Several teens spoke at the DNA meeting on behalf of Club Bounce. One high school senior, bound for a full ride to Hampton next year, spoke passionately about the club providing an alternative for kids to the unsupervised drinking and partying until the wee hours. Another spoke of how she is involved in designing the props for the Jet Set Saturdays parties which have themes like Hollywood, South Beach, Athens, Milan, and Jamaica. For the responsible teens that don’t engage in the shenanigans being seen at Gallery Place the club is a positive thing. Unfortunately you can’t slice the pie up that way – the bad is coming with the good.

Mayor Fenty did unequivocally state that MPD and the fire marshall have told him this club is contributing a negative influence to the community. Hundreds of kids loitering on the streets after Bounce creates problems that have manifested themselves into very ugly incidents. If Bounce wants to survive they’ll need to do more to ensure the kids behave not only inside their club but also outside in the community between close and curfew. Can that be accomplished at these volumes (1000 kids)? Maybe. Maybe not.

UPDATE (10/15/2008 10AM): It’s worth noting that a similar teen club at AVENUE has recently opened and is also contributing to the issues.

Be the first to like.

Related Posts

SociBook del.icio.us Digg Facebook Google Yahoo Buzz StumbleUpon

Comments

  1. 1

    Anonymous says

    I had friends in from out of town, and it was embarrassing because I had hyped up that area of the city, and they were shocked by all the teens blocking up the sidewalks and making comments when we were trying to get through. I don’t remember it ever being like this before…

  2. 2

    Andrew Johnson says

    Teens create problems when they’re bored. I think we can all remember being teens and how quickly that boredom can set in.

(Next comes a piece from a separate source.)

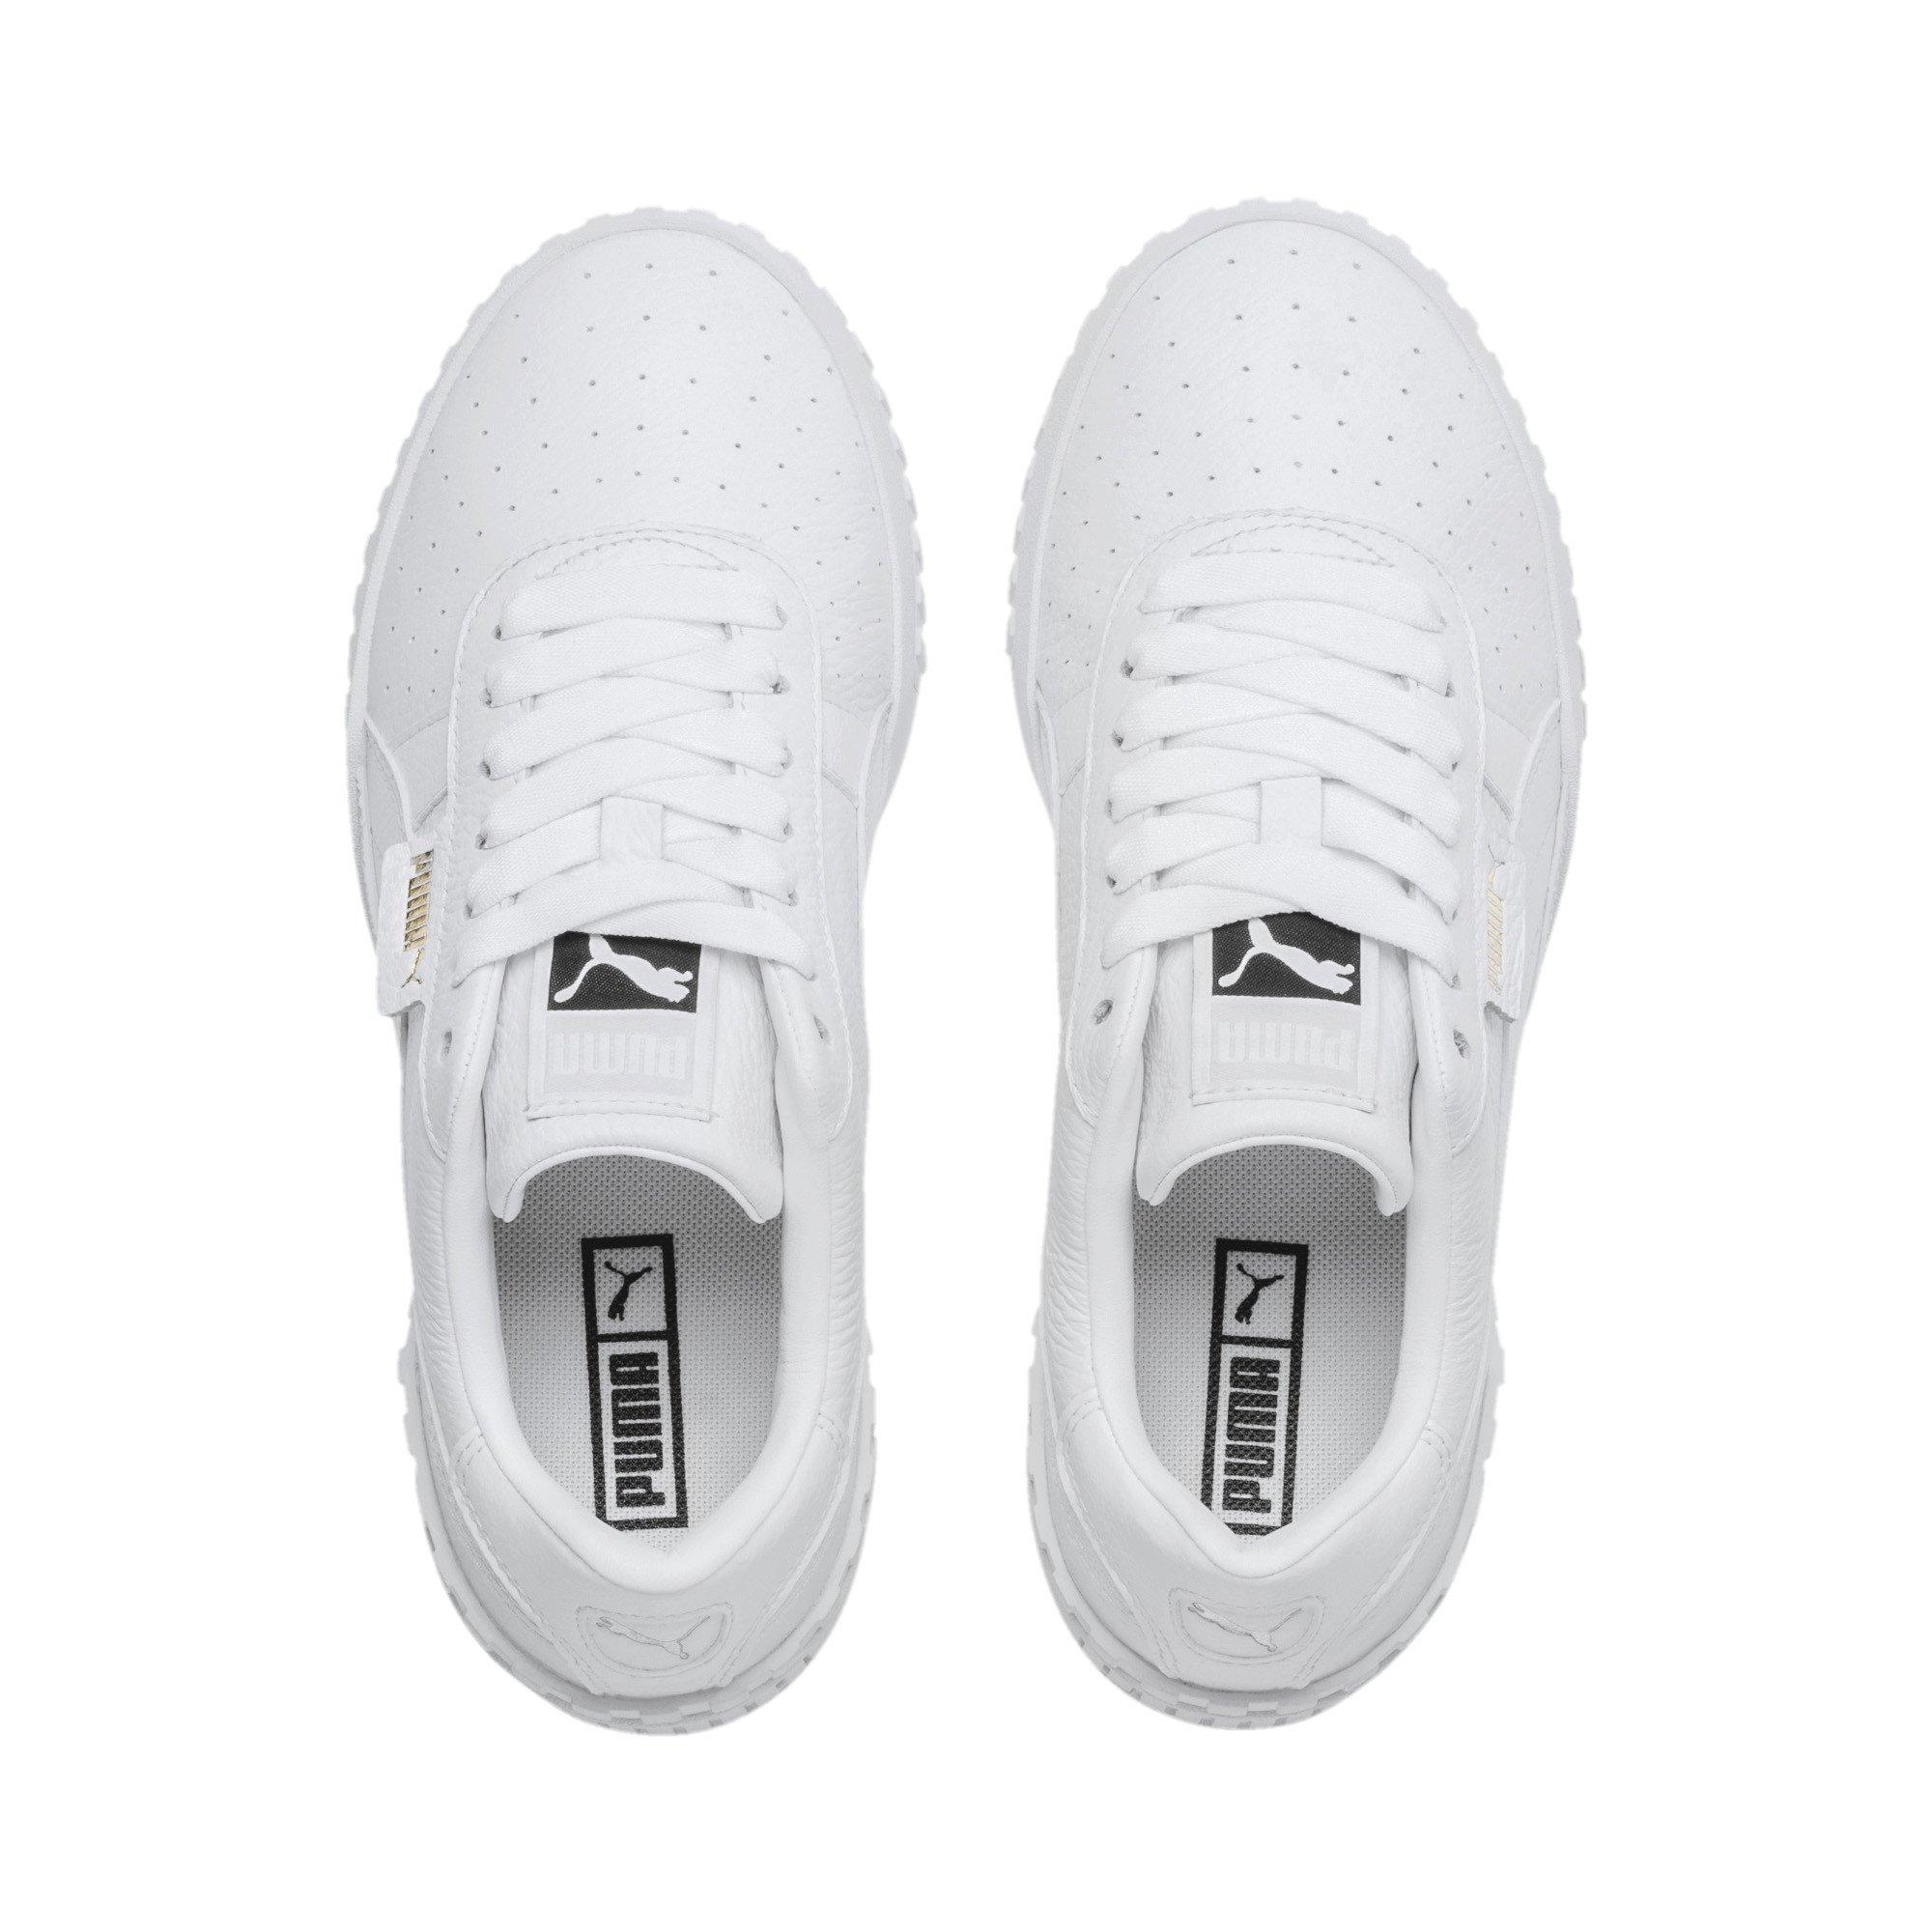 womens white puma tennis shoes
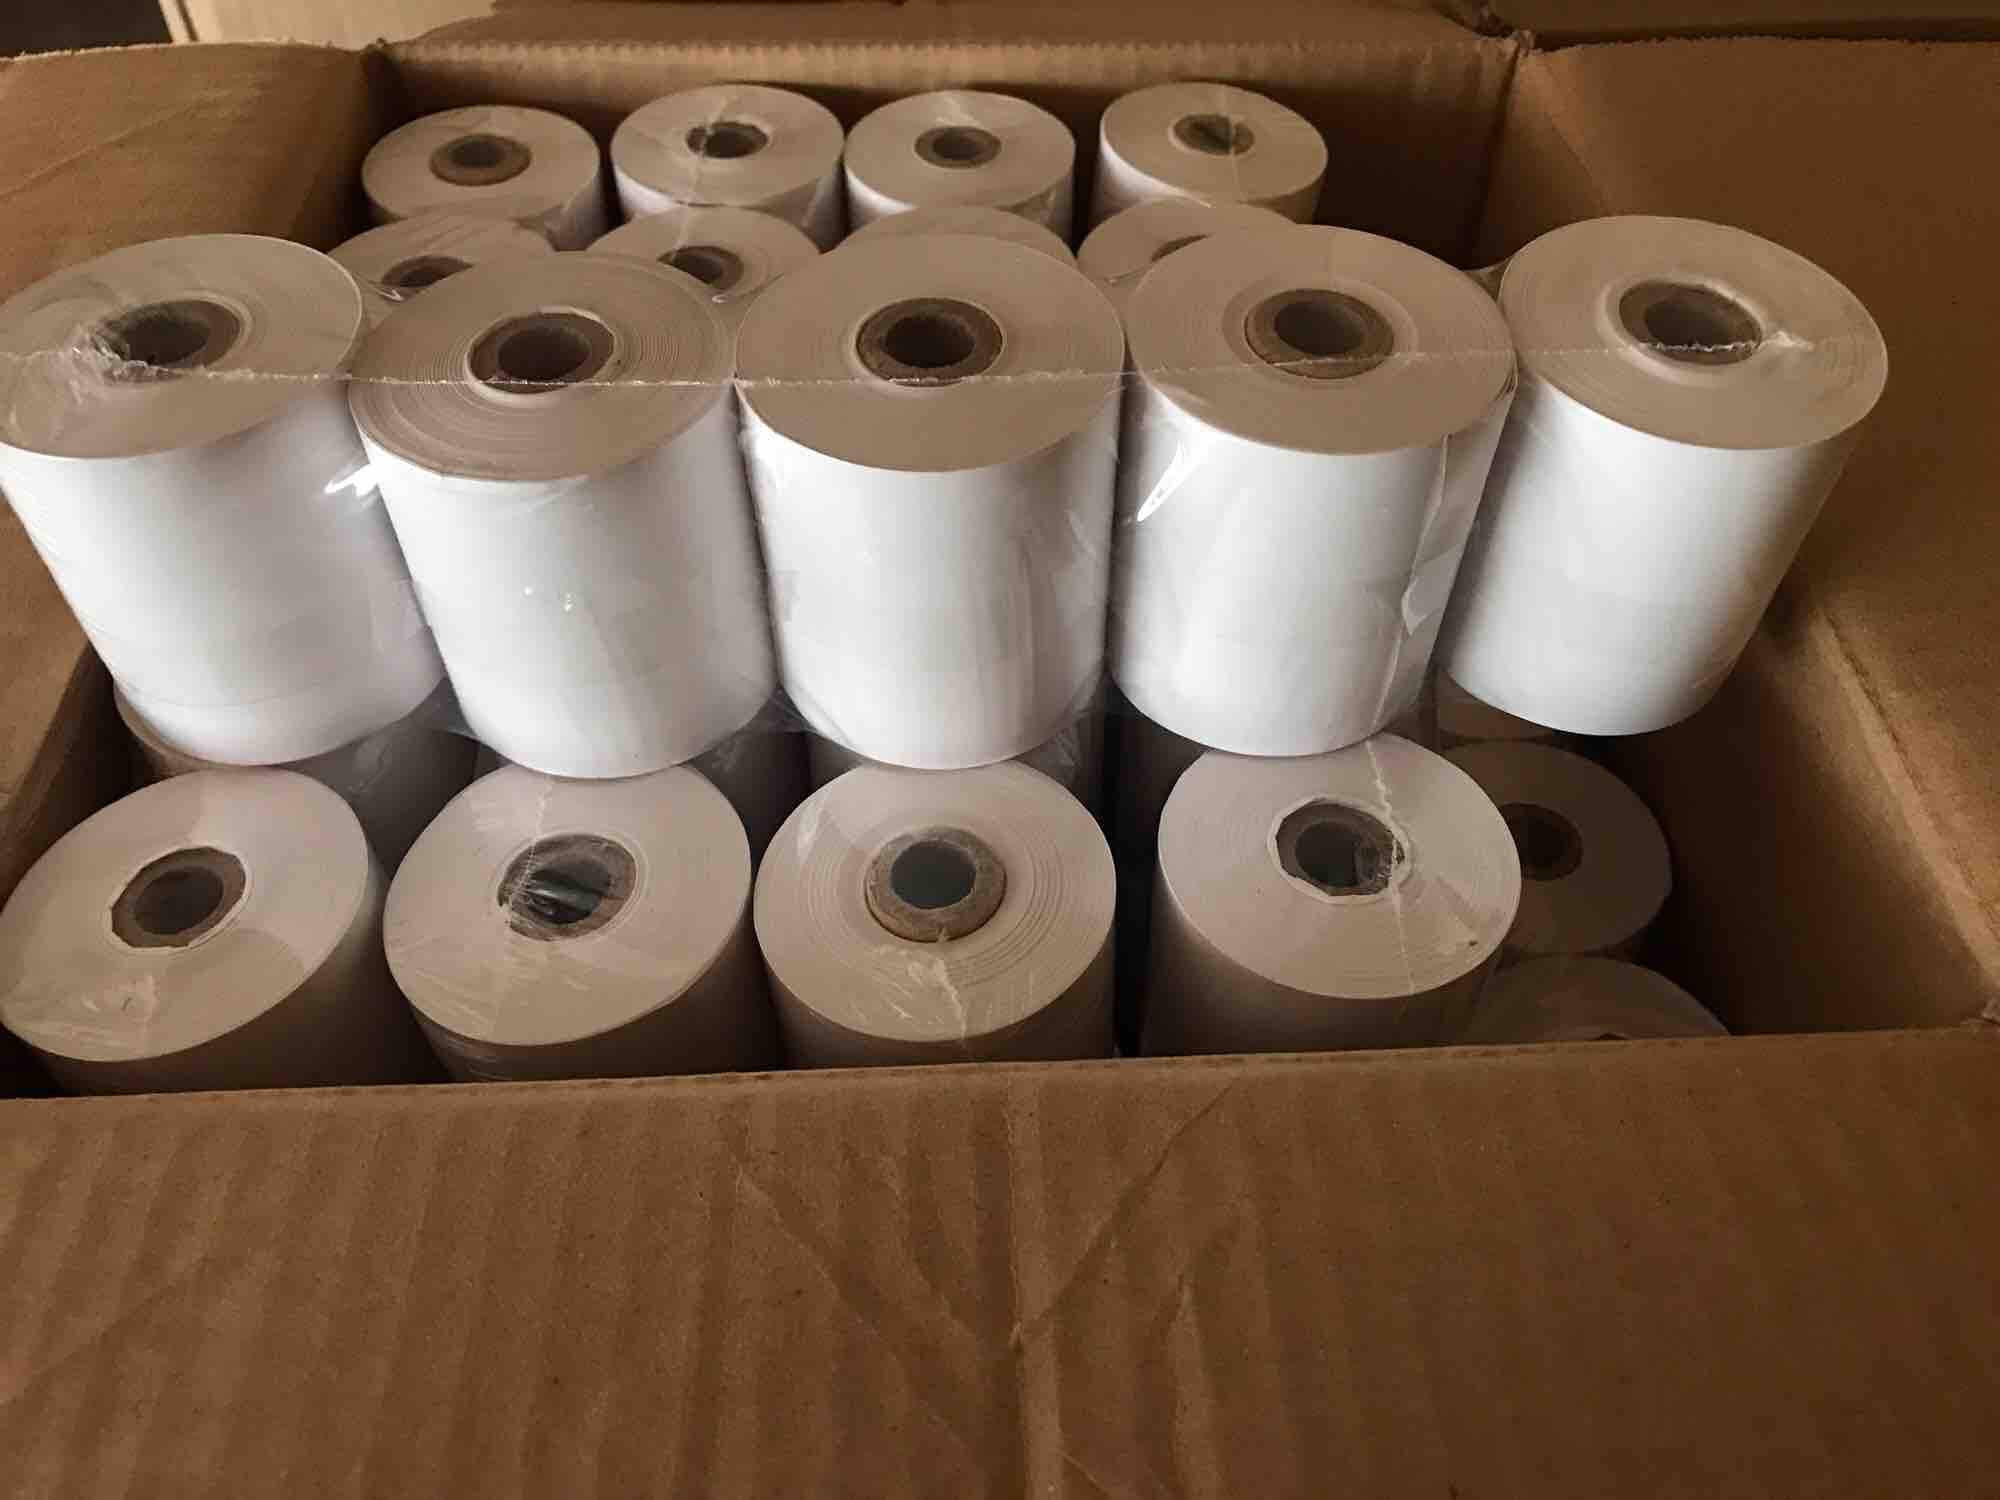 Good quality 56x50 / 57x50 mm (width x diameter) thermal paper rolls (small  core) 1 box 100 rolls for Xprinter , rongta , star , bixolon 58 mm printer  | Lazada PH

    The central problem that Bounce is “contributing to” seems to be loitering on the street “between closing and curfew” and the numbers “1000+”. Allow more clubs like Avenue to open up and allow the clubs to be open until just before curfew. Sure, there may be a small perception of increase when the clubs first open, but gradually the crowds will thin themselves out across the available clubs.

    Remember, these teens will very soon be adult citizens. If we establish an adversarial relationship between them and society (especially the police) now, it will carry on through their adulthood.

  3. 3

    fourthandeye says

    Thanks for your comments. I see both sides of the coin. I lean towards the side that believes this is a serious problem that needs addressing. But I can also recall that I did some public shenanigans back in my teen years

    The stories in GP are escalated past anything we would have done as teens. Back in the day drive by moonings or startling pedestrians with fog horns were more the style than attempting to intimidate verbally or physically.

  4. 4

    Cozmot says

    First, kudos for an excellent recap of the meeting!

    I agree that this is a serious problem that needs to be addressed. This was the largest DNA ever, with standing room only. People living in the neighborhood don’t feel safe with this new development, many avoid 7th Street entirely (I do) and businesses are losing money. We’re all already having problems with property values and don’t need this.

    Fortunately, the mayor and our city councilmen get it. Fenty said more than once that this is unacceptable and would not be allowed to continue. I believe him; a lot is at stake.

    Finally, kudos to Miles Groves and the DNA. This is a community organization that got results. DNA got the mayor, three city councilmen, top police officials, the top fire official, DCRA and others together to address the community.

    Looking at the DNA web site (dcdna.org, then “About”), I see that only 13 condo buildings are members. If this doesn’t convince hold-outs to join, shame on them. They’re getting great benefits like this so should show their support.